Stap 3

Aardbevingen in de atlas

Veel informatie over aardbevingen kun je terugvinden in de atlas.
Je kunt er bijvoorbeeld vinden waar aardbevingen voor komen, maar ook wat voor type plaatgrenzen er zijn en in sommige gevallen de sterkte van de aardbevingen op de schaal van Richter.

In deze stap ga je aan de slag met aardbevingen in de atlas. Vergeet niet te kijken in het trefwoordenregister!
(54e editie)

Vraag 1:
a) Welke symbolen worden in de atlas gebruikt voor type plaatsgrens, epicentrum aardbeving en sterkte van aardbevingen?
b) Bekijk kaartnummer 212-213. Noem 5 landen waar vaak aardbevingen voor komen.
c) Vergelijk nu kaartnummer 216B en 216D met elkaar. Verklaar aan de hand van deze kaarten waarom juist daar veel aardbevingen voorkomen.

Vraag 2:
Gebruik de kaarten 216B en 216D.

a) Bekijk waar de meeste zware (catastrofale) aardbevingen voorkomen.
Wat is het verband tussen het type plaatbeweging en de aanwezigheid van catastrofale aardbevingen?
b) Leg uit waarom er op de plekken waar veel (zware) aardbevingen voor komen, ook (in de meeste gevallen) veel vulkanen aanwezig zijn.
 

Vraag 3:
Vulkaanuitbarstingen onder de gletsjer Eyjafjallajökull op IJsland in maart en april 2010 hebben geleid tot overstromingen (door het abrupte smelten van de gletsjer) en evacuaties op IJsland. Ook was er een grote verstoring van het Europese vliegverkeer door een grote vulkanische aswolk tot meer dan 8 kilometer hoogte. Deze aswolk verspreidde zich over grote delen van noord - en west Europa (zie afbeelding).

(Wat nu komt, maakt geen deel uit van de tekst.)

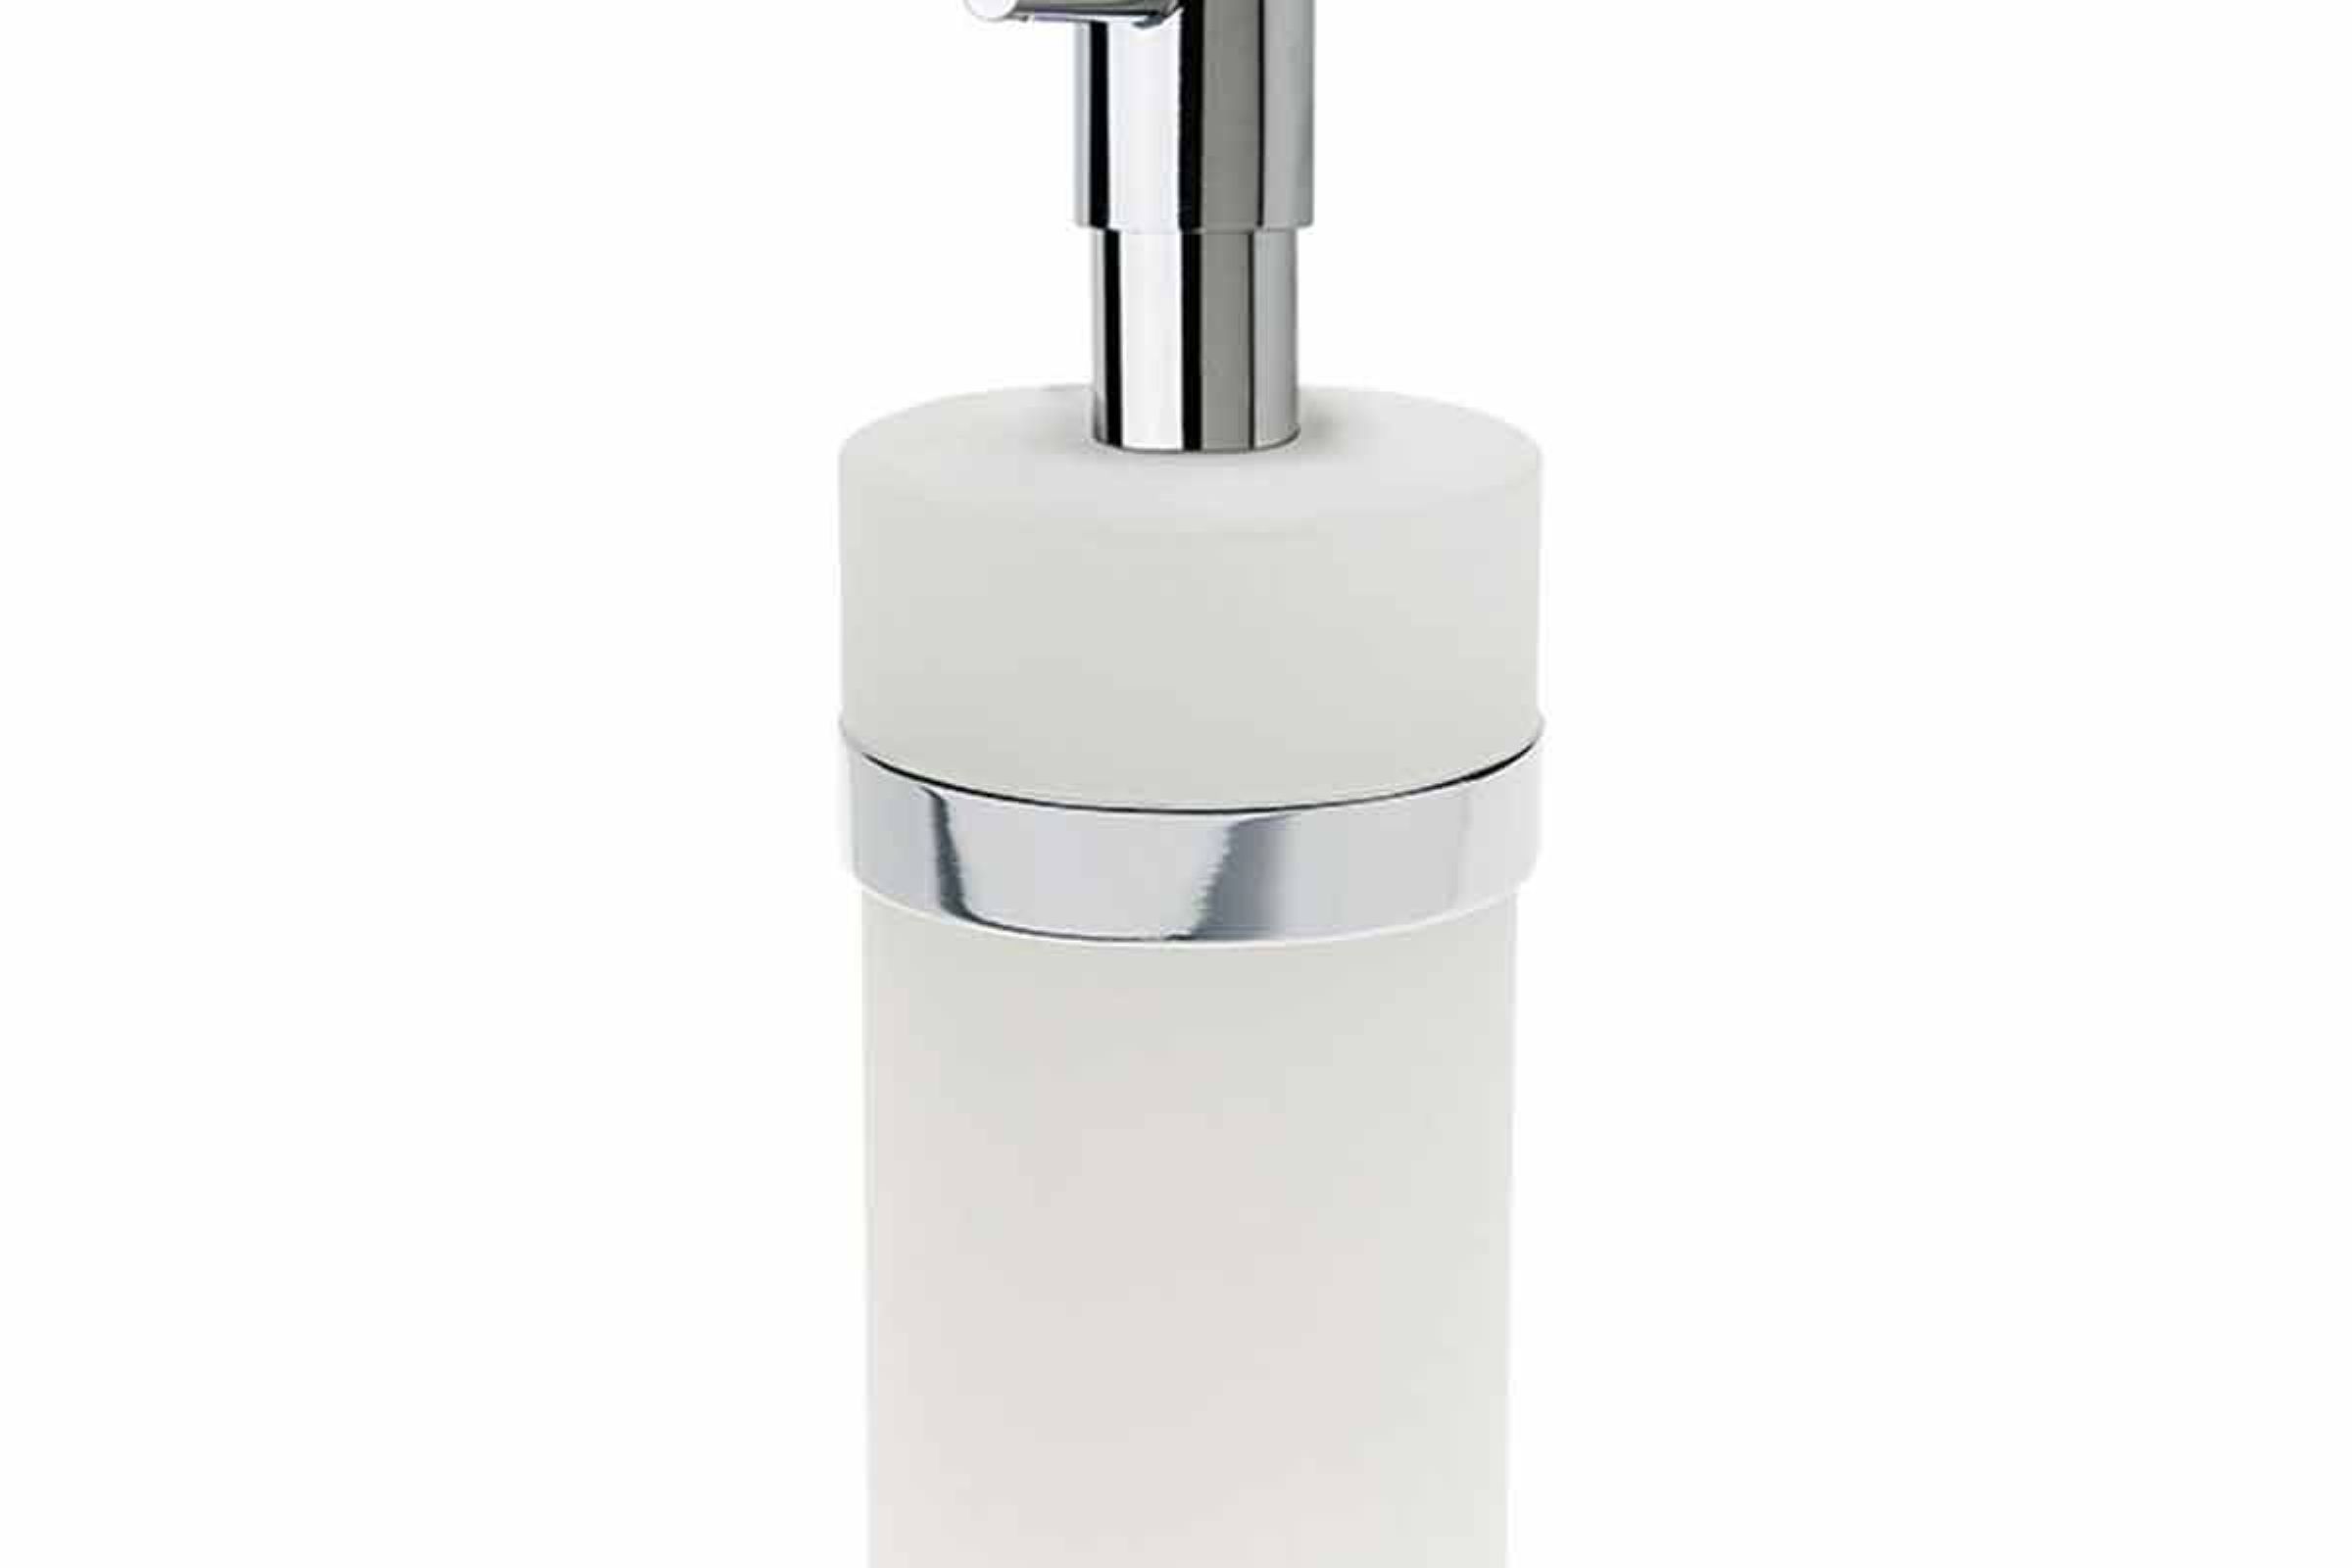 dosatore plexiglass appoggio rest standing liquid soap dispenser in plexiglass cm. 6,5x6,5x17,5 Ebe

a) Noteer de coördinaten van Reykjavik.

b) Wat is de absolute afstand van Reykjavik - Amsterdam?

c) Lees de tekst. Bedenk waarom er zoveel rook ontstond bij de uitbarsting van deze vulkaan.

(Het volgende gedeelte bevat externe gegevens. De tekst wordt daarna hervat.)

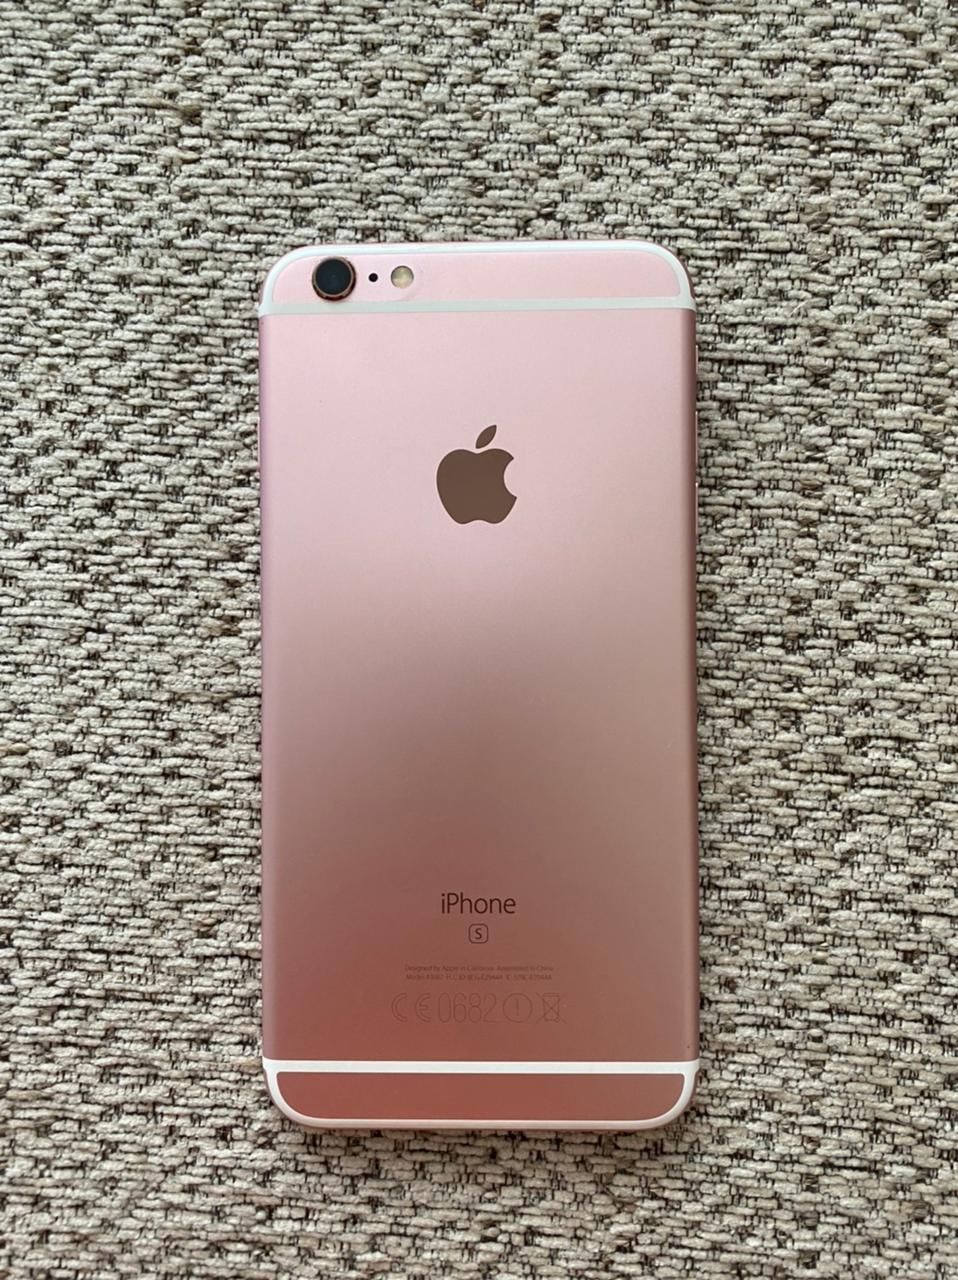 iPhone 6s Plus 16 GB Rose Gold

d) Welke windrichting stond er waarschijnlijk in april 2010?

Voor de volgende vragen heb je de volgende kaart nodig : ´´IJsland: Tektoniek en Vulkanisme´´.

e) Welke twee aardplaten vinden we in IJsland?

f) Waar is het risico op een (zware) aardbeving het grootste en waarom juist daar?